While they were part of the original '77 run of punk bands, seminal California act X couldn't get a proper record deal until Slash Records came along and released Los Angeles in 1980. The one upside to this delay: By the time they hooked up with Slash, X started dropping records at a rapid clip. Just over a year after Los Angeles came out, X was back again the fantastic Wild Gift.

Los Angeles is where you go if you want to hear X at its most raw. The tunes sound dirty and threatening, and that goes double for the lyrics (See "Johnny Hit and Run Paulene"). Wild Gift, though, marks the band's progression towards a more rockabilly approach.
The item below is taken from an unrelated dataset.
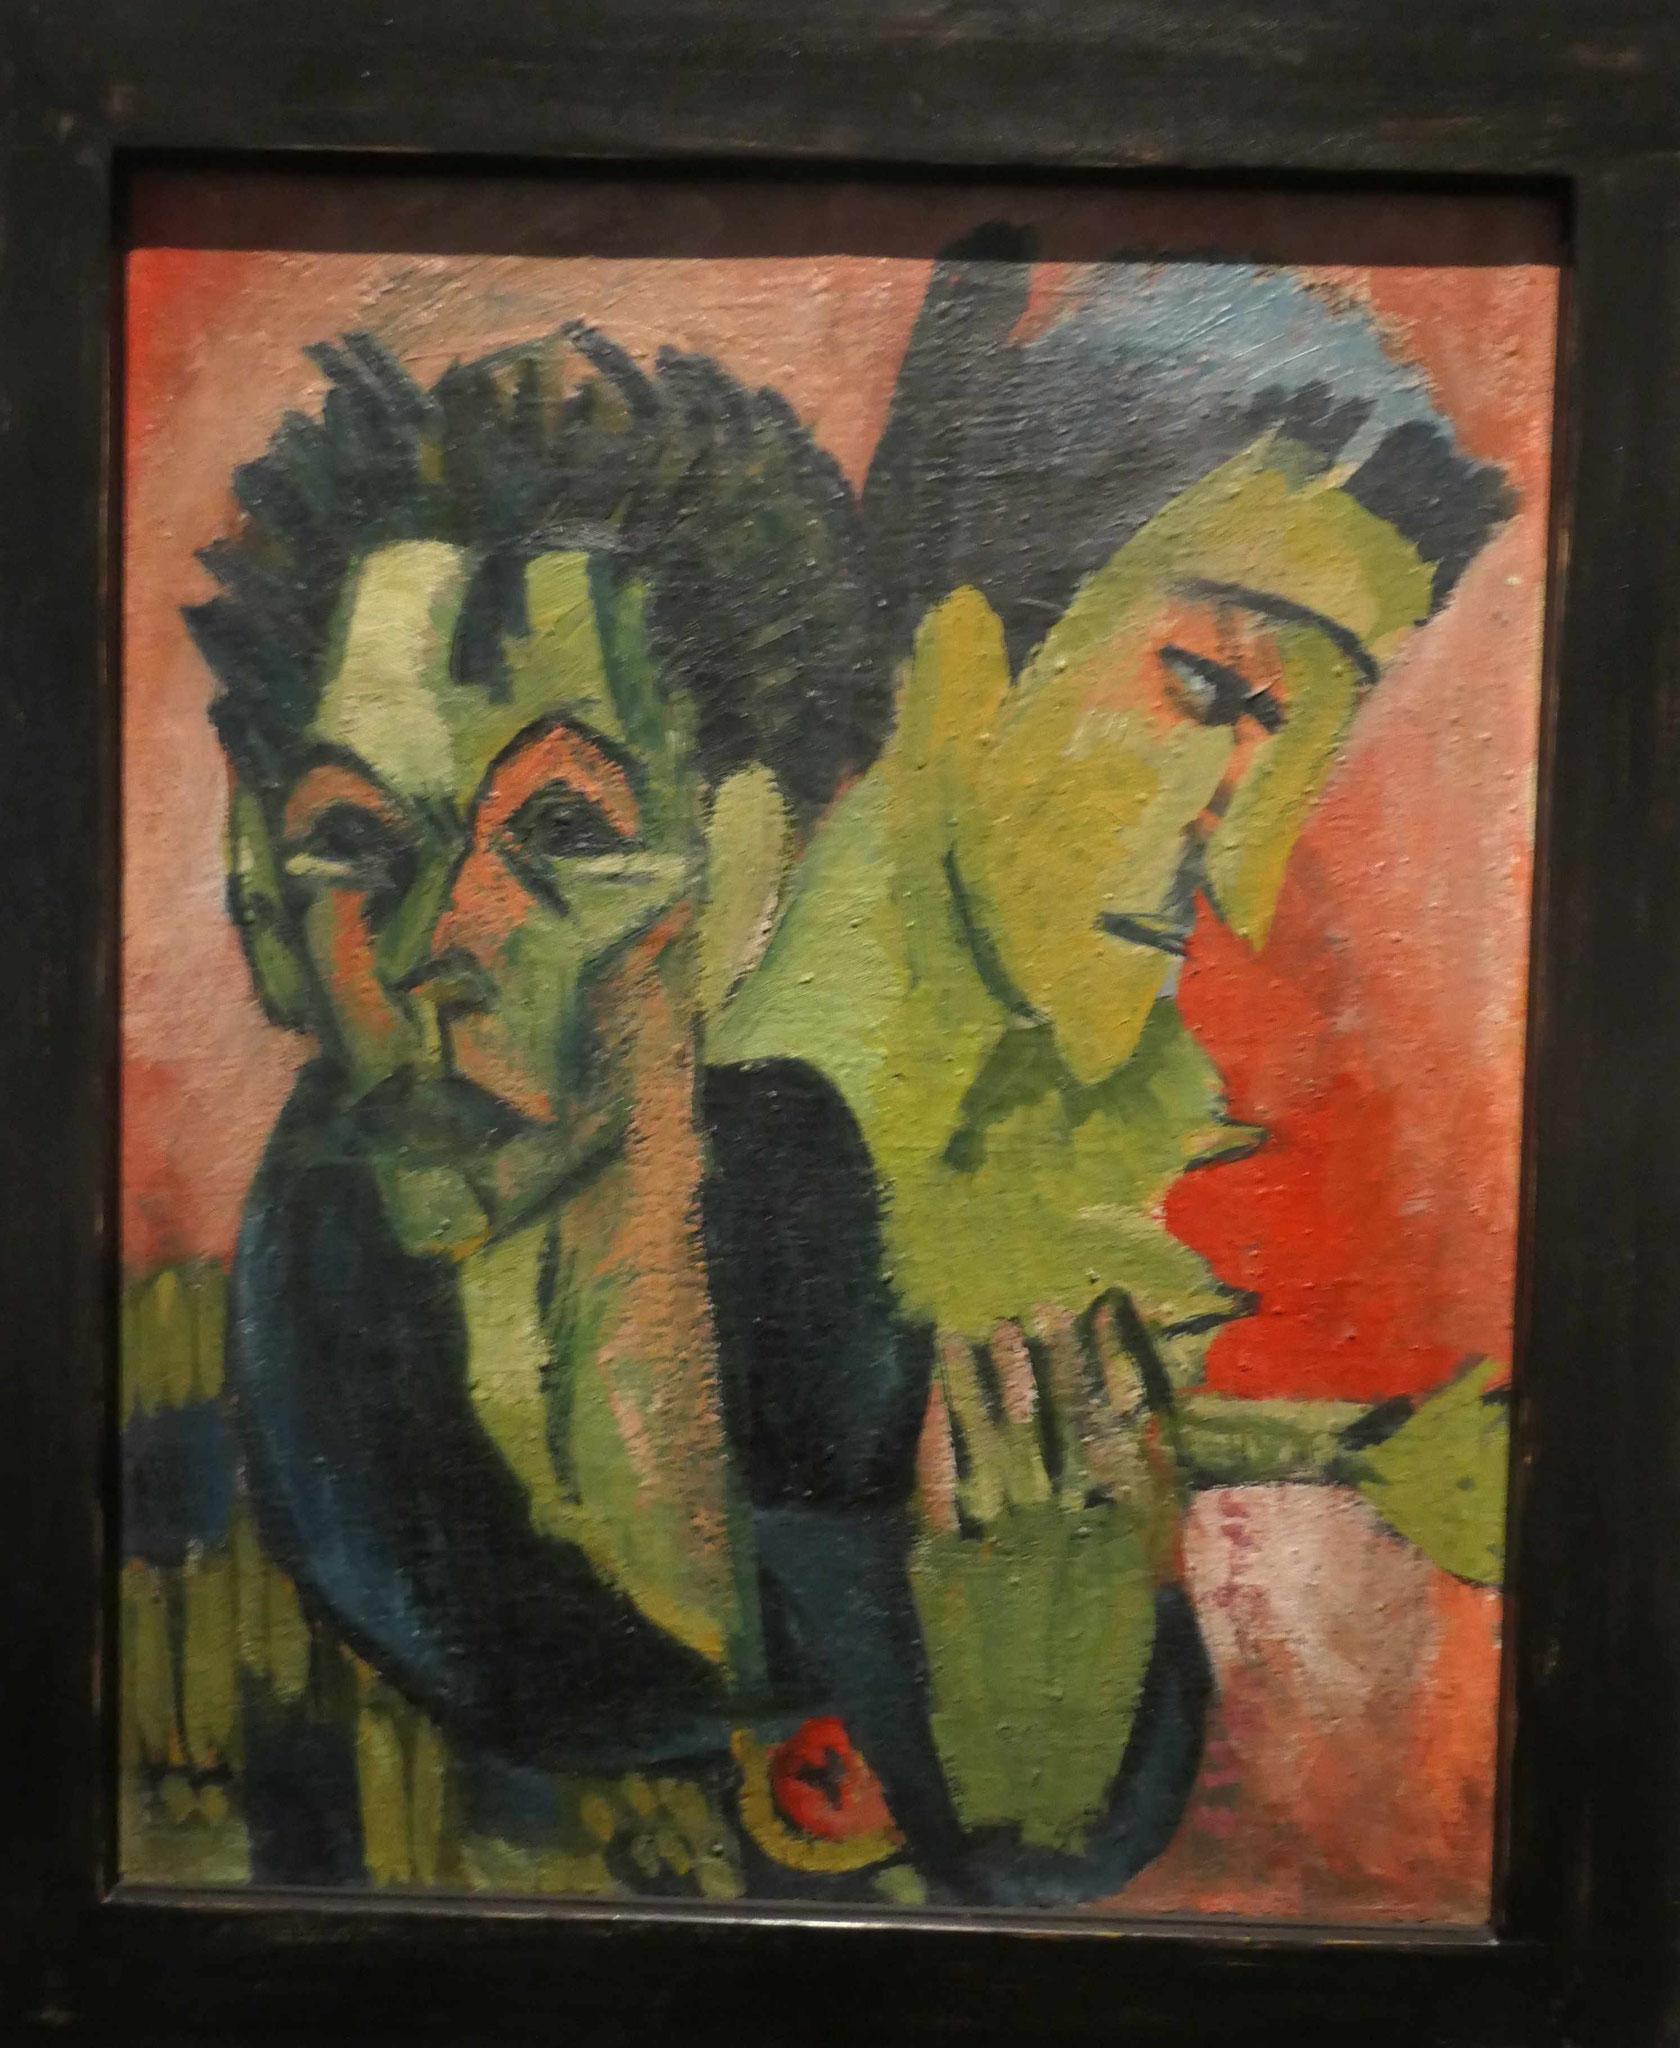 Ernst Ludwig Kirchner, Selbstbildnis mit Mäadchen, 1914/15, Neue Nationalgalerie Berlin

Given that the tunes were either '70s leftovers ("I'm Coming Over," "It's Who You Know") or brand new reactions from the recently married songwriting team of Exene Cervenka and John Doe ("White Girl," "In This House That I Call Home"), it's about as literally a crossroads record as one can get.

Some of the tracks ("We're Desperate," "Adult Books") date all the way back to a 1978 single. "We're Desperate" probably could have been on Los Angeles, but "Adult Books" marks new musical territory for the band, as drummer D.J. Bonebreak and guitarist Billy Zoom rock out a Latin groove as Cervenka and Doe spin another yarn about urban destitution. Another shift can be heard in "White Girl." While Zoom's guitar is as menacing as ever, the band lets mood take precedence over a fast tempo.

Really, though, X's biggest change was in the lyrics. Writing about despair and desolation was always Cervenka and Doe's m.o., but here they start writing about each other. "Beyond and Back" covers their spats ("You took a lot from me / I forgot you were a thief"). "White Girl" expresses Doe's secret lust for another woman. "When Our Love Passed Out on the Couch" retroactively sums up the couple's whole relationship.

Ultimately, though, these differences are miniscule. Ain't Love Grand aside, there's a line that stretches through all of X's records. Wild Gift picks up plenty of the darkness heard on Los Angeles while laying the groundwork for the country leanings of Under the Big Black Sun. If anything, it's like a psychobilly record without any horror or sci-fi themes to hide behind, and it's that kind of grit that makes it one of the saddest and greatest punk albums of all time.